Q. What does backpropagation compute, and is it the same as training?
It computes the gradient, every knob’s wish, in one backward sweep. It is not training by itself: backprop finds the gradient, then gradient descent (lesson 7) uses it to take the step. Backprop is one ingredient in the loop.
Q. Why is the brute-force gradient (nudge each knob, re-run) hopeless?
It would cost about 13,000 full forward passes per image (one per knob), times tens of thousands of images. Backpropagation instead gets all ~13,000 wishes at once, for about the cost of one extra pass.
Q. What is the reframe at the heart of backpropagation?
Instead of “how does the cost depend on this buried weight,” ask “what does each output neuron want?” Each has a desired direction and strength, which is the same information as the cost in a more actionable form.
Q. What are the three ways to push a neuron's activation up?
Raise its bias; raise the weights on its already-bright inputs; or raise the activations of the previous-layer neurons it connects to with positive weights. The first two are adjustable knobs; the third is only a wish.
Q. How does a neuron's wish become the previous layer's wishes?
A neuron cannot set earlier activations directly, so it wishes the previous layer were different (more from positive-weight inputs, less from negative). Summing all neurons’ competing wishes gives each previous-layer neuron one net wish. That is the backward propagation.
Q. What does one forward pass plus one backward pass give you?
The entire gradient: every weight’s and bias’s wished-for nudge at once, for about the cost of running the network once (not 13,000 times). That efficiency is what makes training large networks possible.
Q. Why average the wishes over many examples?

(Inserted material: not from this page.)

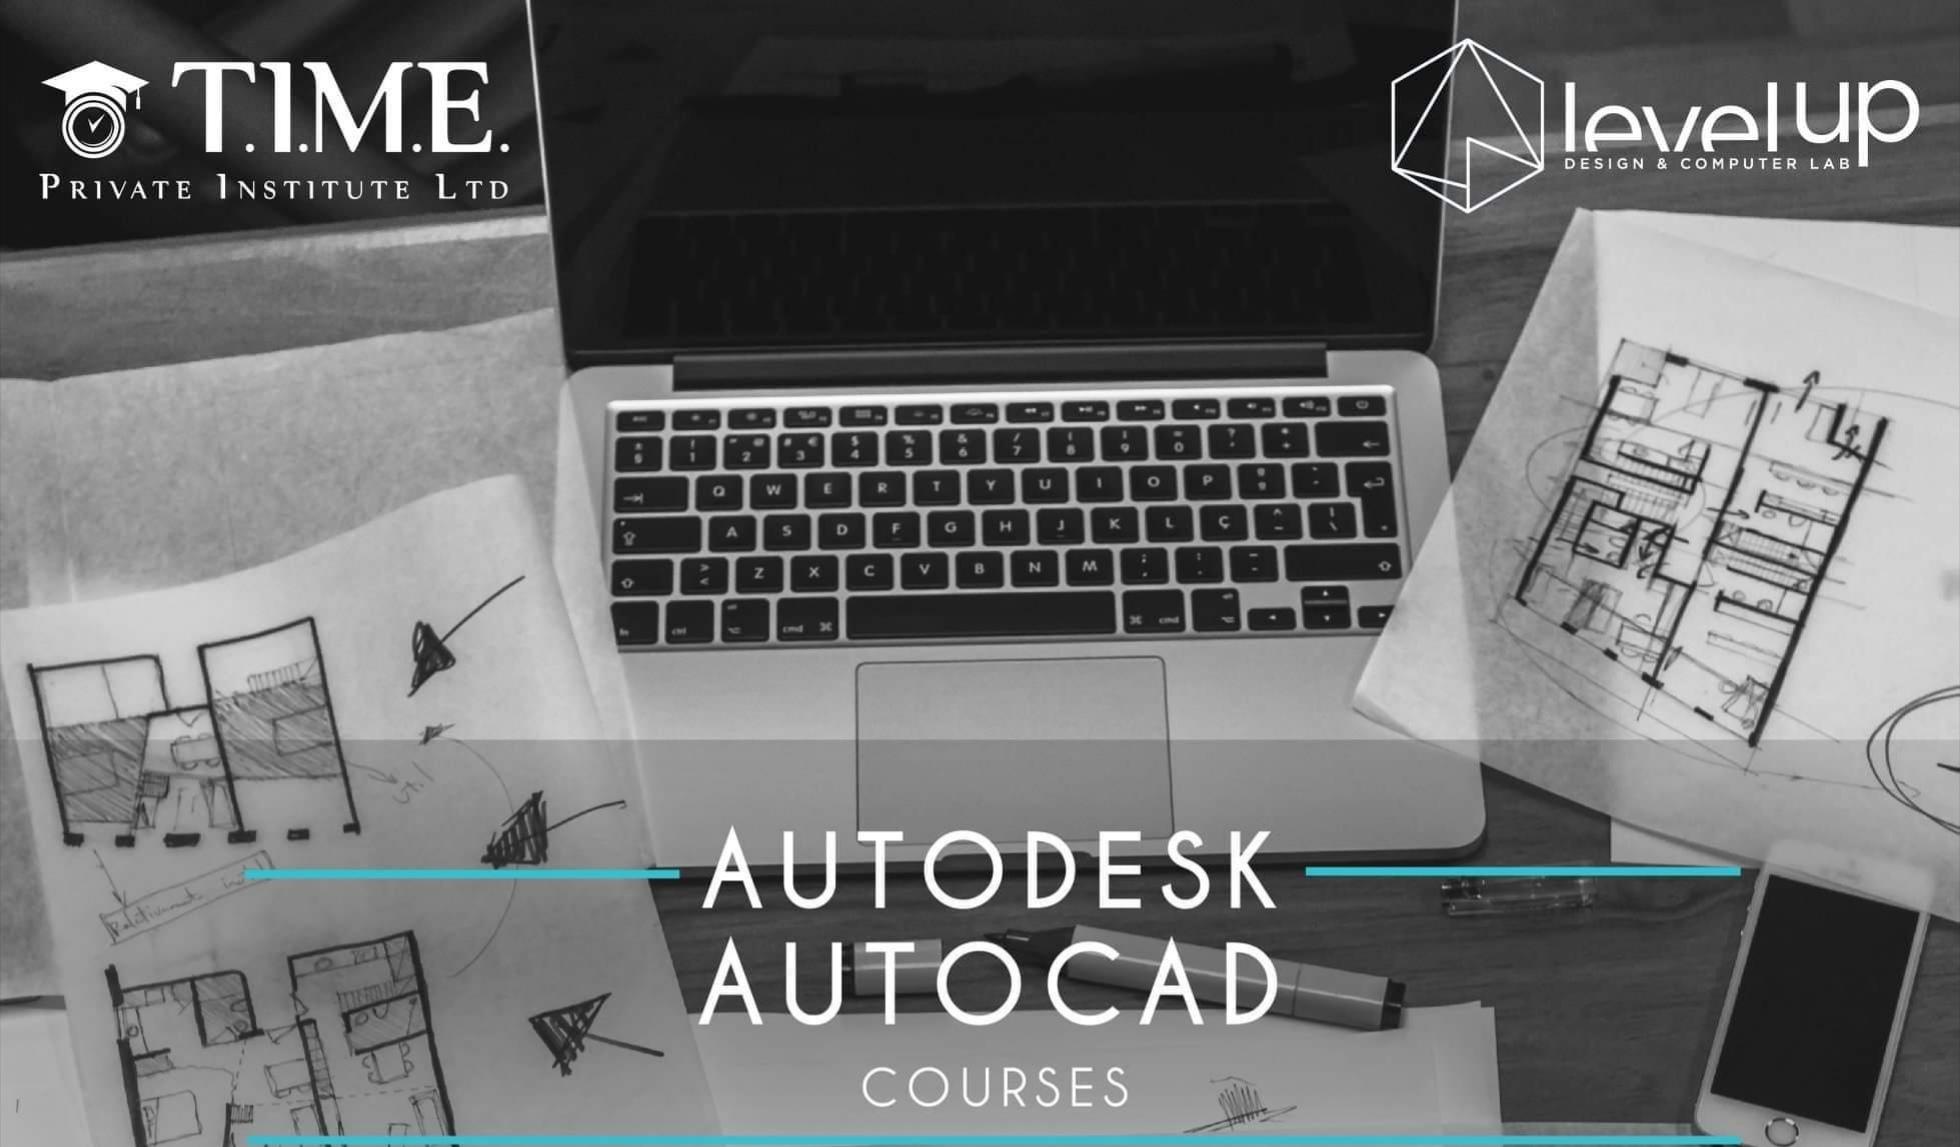 Μαθήματα AutoCAD 2D σχεδιασμού στο Τ.Ι.Μ.Ε. με το Level Up

One image’s wishes are self-serving and noisy (a “3” wants “see everything as 3”). Averaging across many examples lets consistent pulls survive and add up while quirks cancel. That averaged signal is the true gradient, so learning needs lots of data.
Q. Which direction does the gradient computation flow, and which direction is the forward pass?

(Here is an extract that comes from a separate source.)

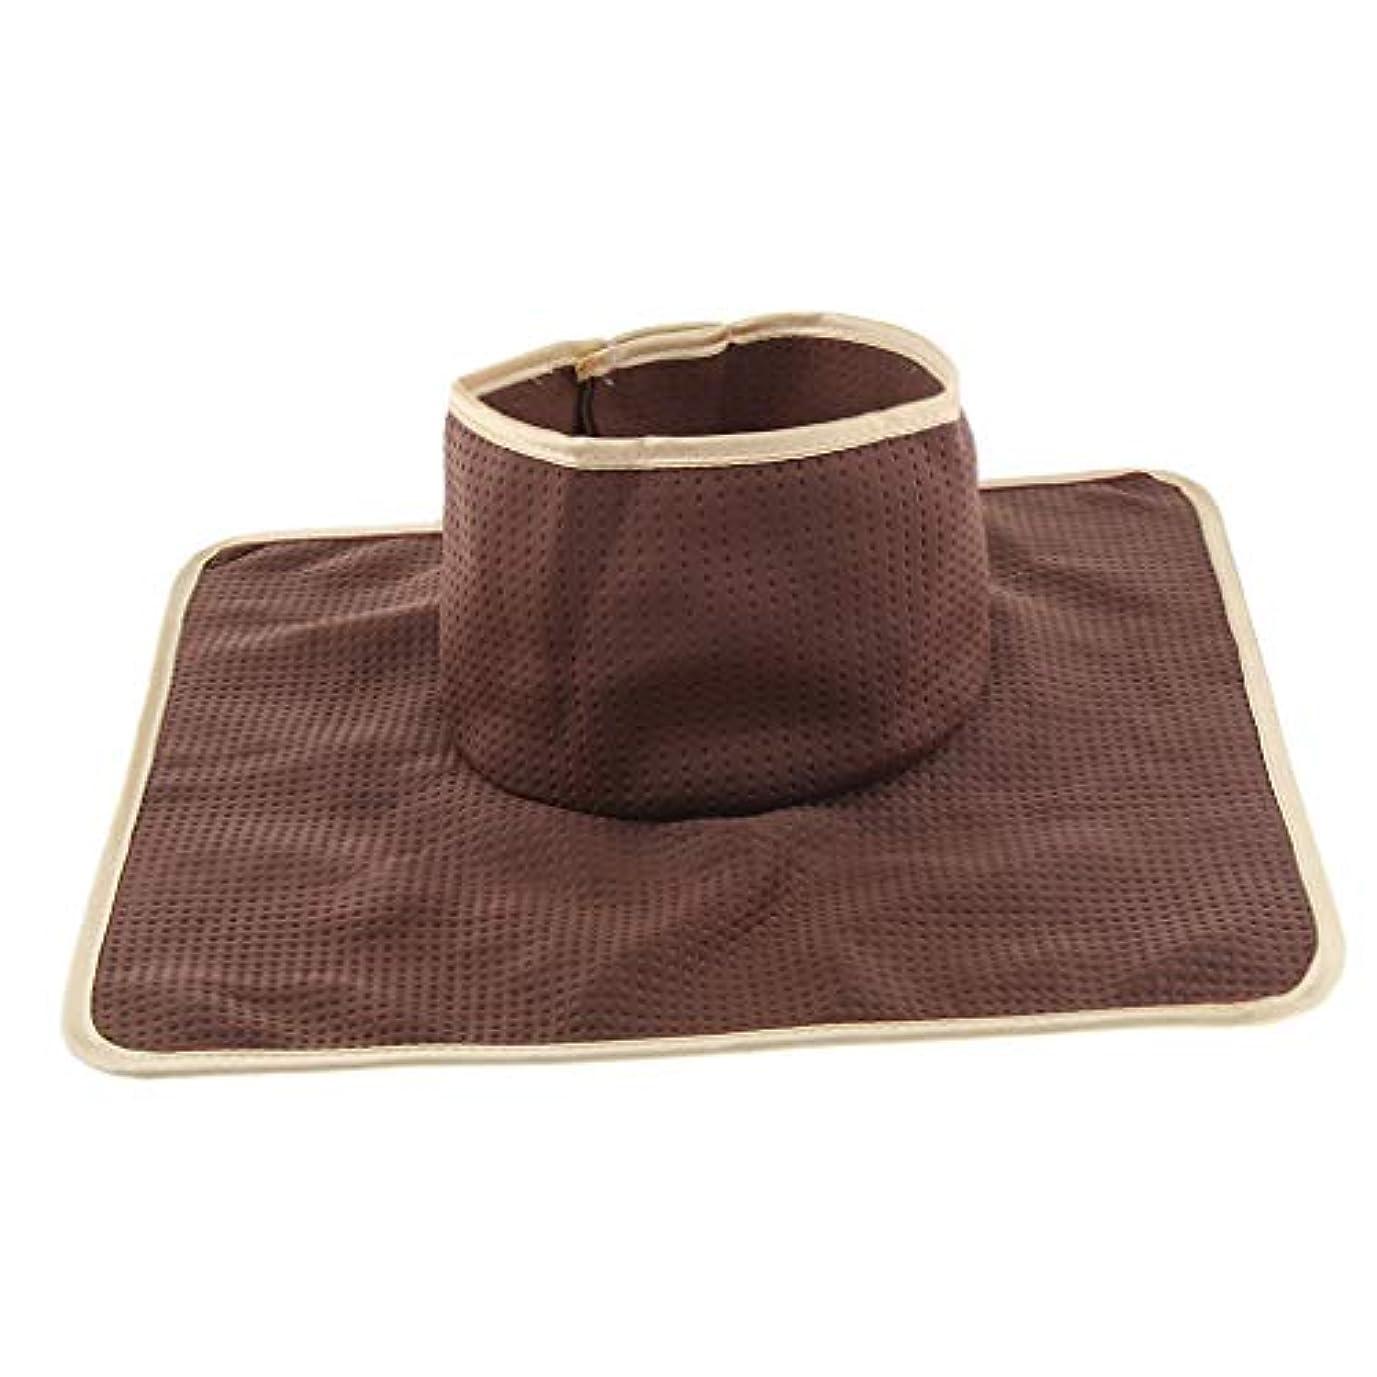 勇者テレマコス惑星マッサージベッド サロンテーブル シート パッド 頭の穴 洗濯可能 約35×35cm 全3色 - コーヒー

The forward pass flows input to output (computing the answer). Backpropagation flows backward, output to input (computing the gradient), because desires start where the cost is felt and propagate back layer by layer.
Q. What is a trained model, in light of backpropagation?
Not designed but settled into: its parameters are the accumulated residue of countless small wishes, averaged over mountains of examples and applied over and over until the cost stopped falling. There is no author of those billions of numbers.